Полностью Ватиканский холм планировалось застроить в течении двадцати лет, благо строительного материала в Риме хватало от развалин ещё античных времён, а работники, бежавшие от разгорающейся в Европе большой войны, прибывали в Рим постоянно, в гораздо большем количестве, чем было для них работы. Из них выбирали лучших мастеров, а остальных отправляли в Святую землю. И Папа, и кардинал де Сабле с должным пониманием отнеслись к словам Ричарда: «Не там наша земля, где стоят воинские гарнизоны, а там, где пашут наши сервы». Нашими, в применении к Святой земле, были все христиане, поэтому миграцию церковь поддерживала не только морально, но и материально. Ресурсов у неё теперь хватало. Рыцарские ордена Тамплиеров и Госпитальеров не платили налогов светским владыкам, но на выплату пятой части своих доходов матери-церкви согласились. Может и без особой радости, но и без роптания. А доходы у них были… куда там некоторым королям. Церковь теперь имела собственный флот, базирующийся в Неаполе, Ливорно и Остии, в основном каракки первого проекта, на которых адмирал-фараон отправился открывать Лузиньянию, но и они по нынешним временам были на вершине технического прогресса, обогнав своё время почти на три сотни лет. Такого не было даже у венецианцев, а про пиратов и говорить не стоило.

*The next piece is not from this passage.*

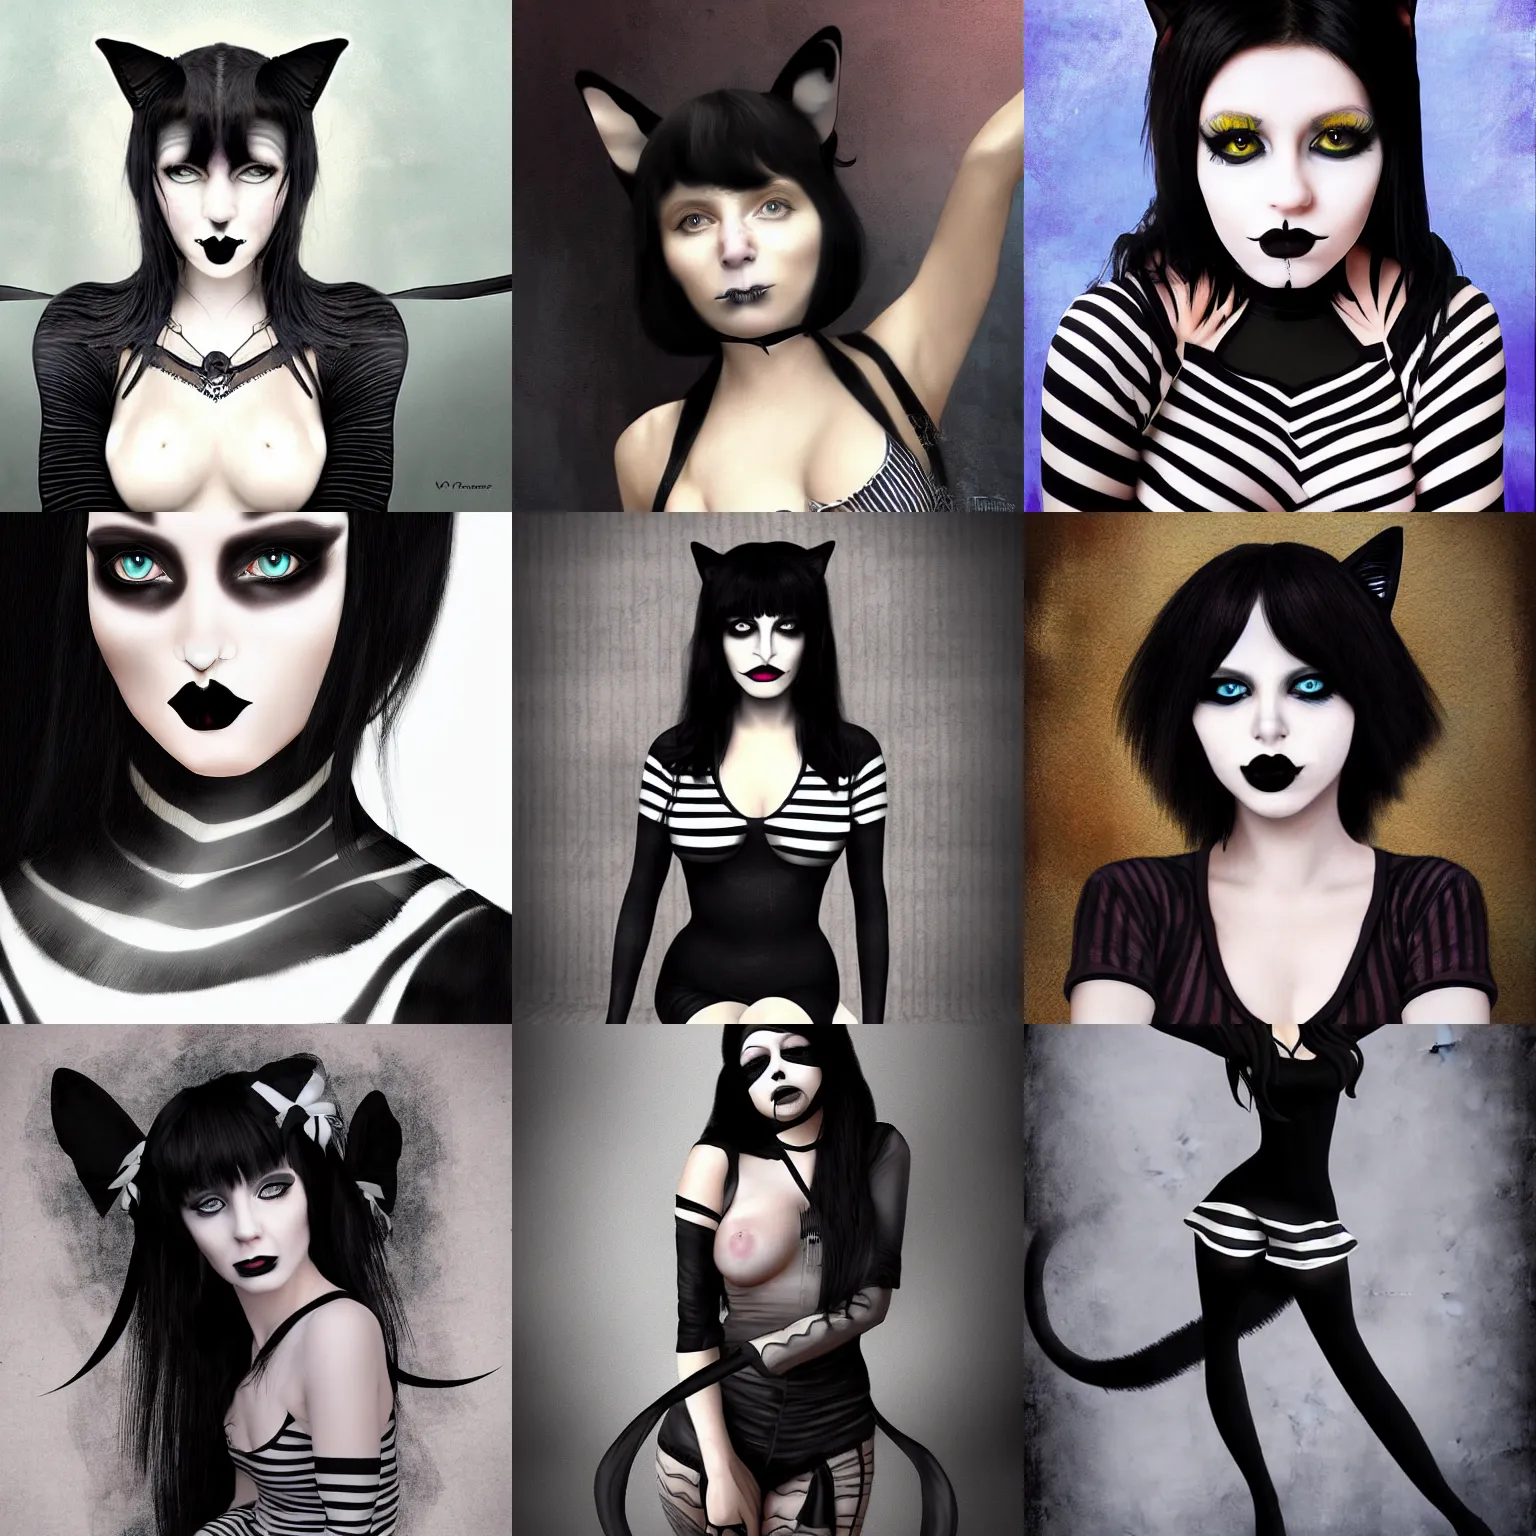 Prompt: portrait of a goth catgirl, black t - shirt, striped pantyhose, digital art, matte painting by victoria frances

Ватиканский холм расположился на северо-западе Рима, на правом берегу Тибра и имел собственный причал. Конечно, на чисто парусной каракке, к тому-же имеющей большую осадку, до него было не добраться, но между Остией и Ватиканом гребные суда курсировали как трамваи.
О планах Папы Ричард был информирован. Целестин III намеревался добровольно сложить свои полномочия по причине преклонного возраста и невозможности в должной мере справлять свои обязанности. Если не считать уже окутанных завесой времени случаев, происходивших на заре становления христианства в Риме, это будет первый прецендент. Пап свергали, было дело, убивали, и такое бывало, но добровольно пока никто не уходил. Как говорили в двадцать первом веке – плюс сто к равноапостольности и святости.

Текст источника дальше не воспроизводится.